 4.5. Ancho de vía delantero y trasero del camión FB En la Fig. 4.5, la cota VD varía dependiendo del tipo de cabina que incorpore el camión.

* * *

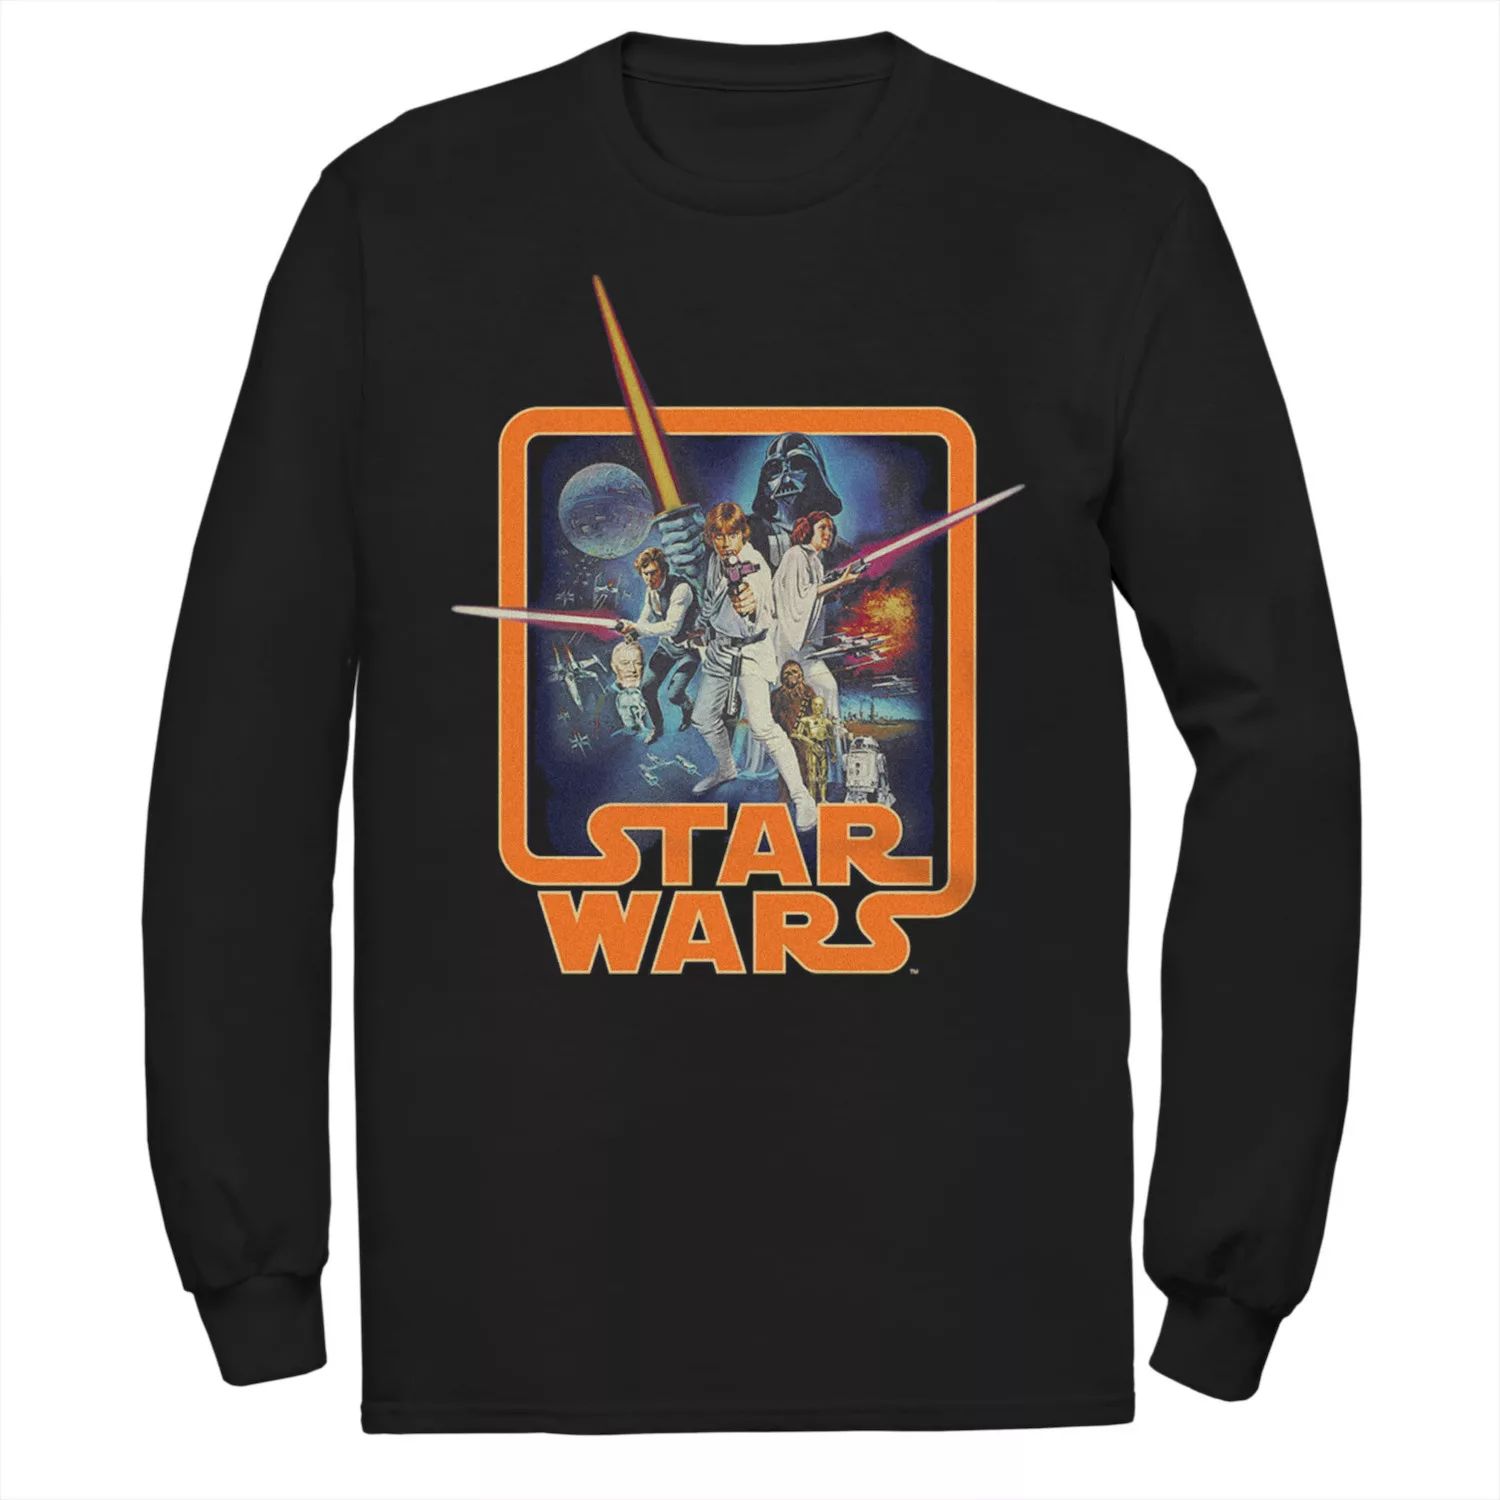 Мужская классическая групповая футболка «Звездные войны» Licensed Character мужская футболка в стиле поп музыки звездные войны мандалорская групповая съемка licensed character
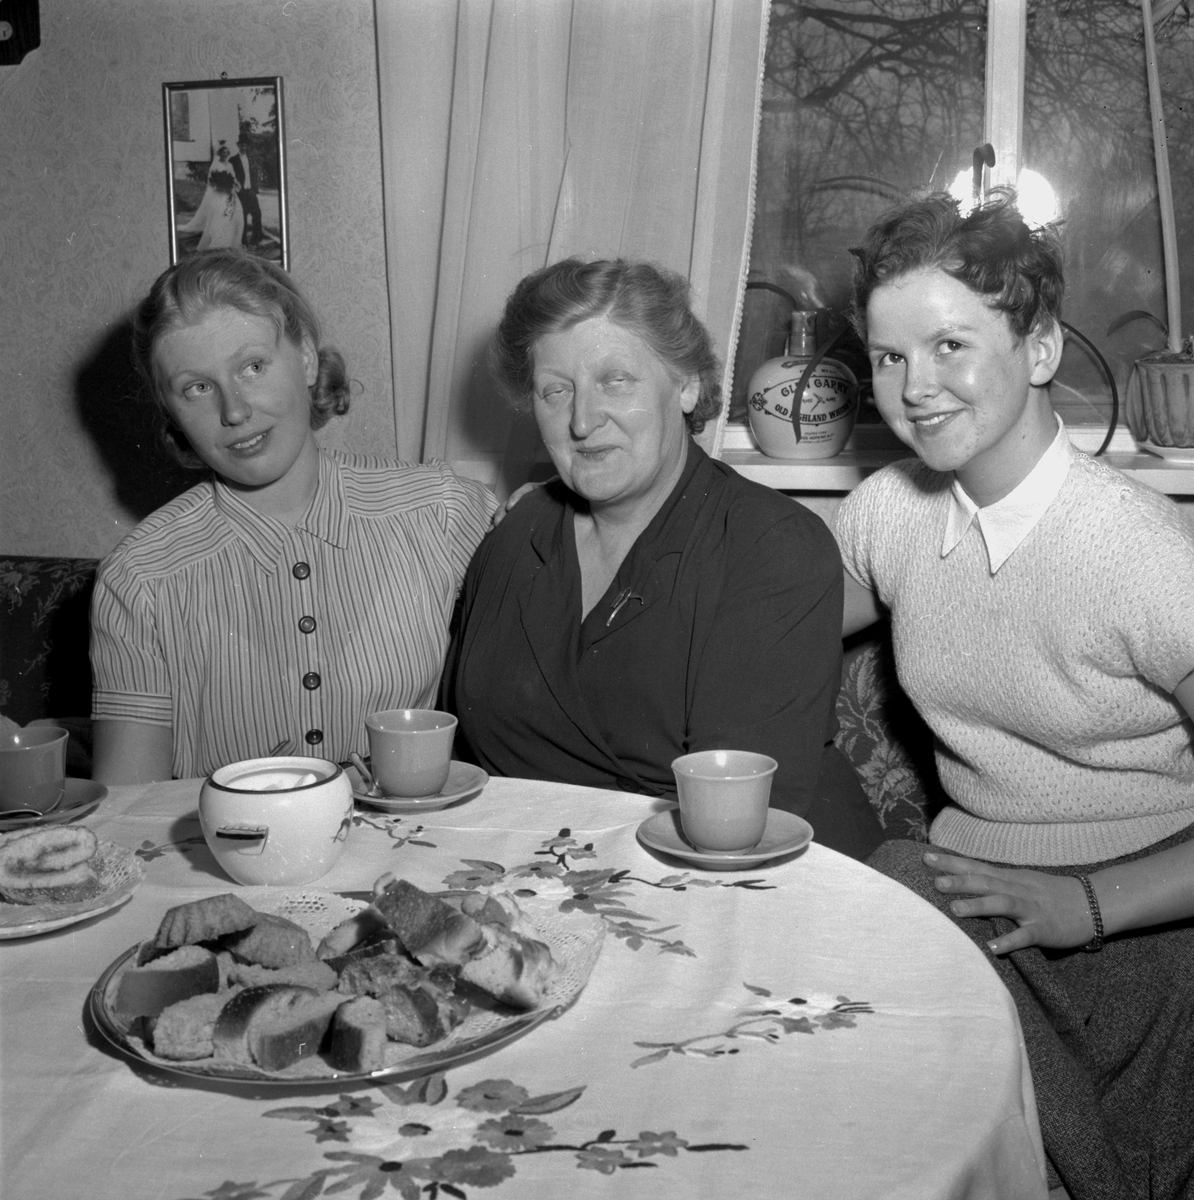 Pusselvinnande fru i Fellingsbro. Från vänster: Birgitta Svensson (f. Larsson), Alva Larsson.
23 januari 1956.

▶ _Exercise goal_
Beginning with the line above that has "Мужская классическая групповая" and going on through the line that has "23 januari 1956.", retype every line exactly and add nothing else; drop the pictures.

▶ _Your solution_
 Мужская классическая групповая футболка «Звездные войны» Licensed Character мужская футболка в стиле поп музыки звездные войны мандалорская групповая съемка licensed character
 Pusselvinnande fru i Fellingsbro. Från vänster: Birgitta Svensson (f. Larsson), Alva Larsson.
23 januari 1956.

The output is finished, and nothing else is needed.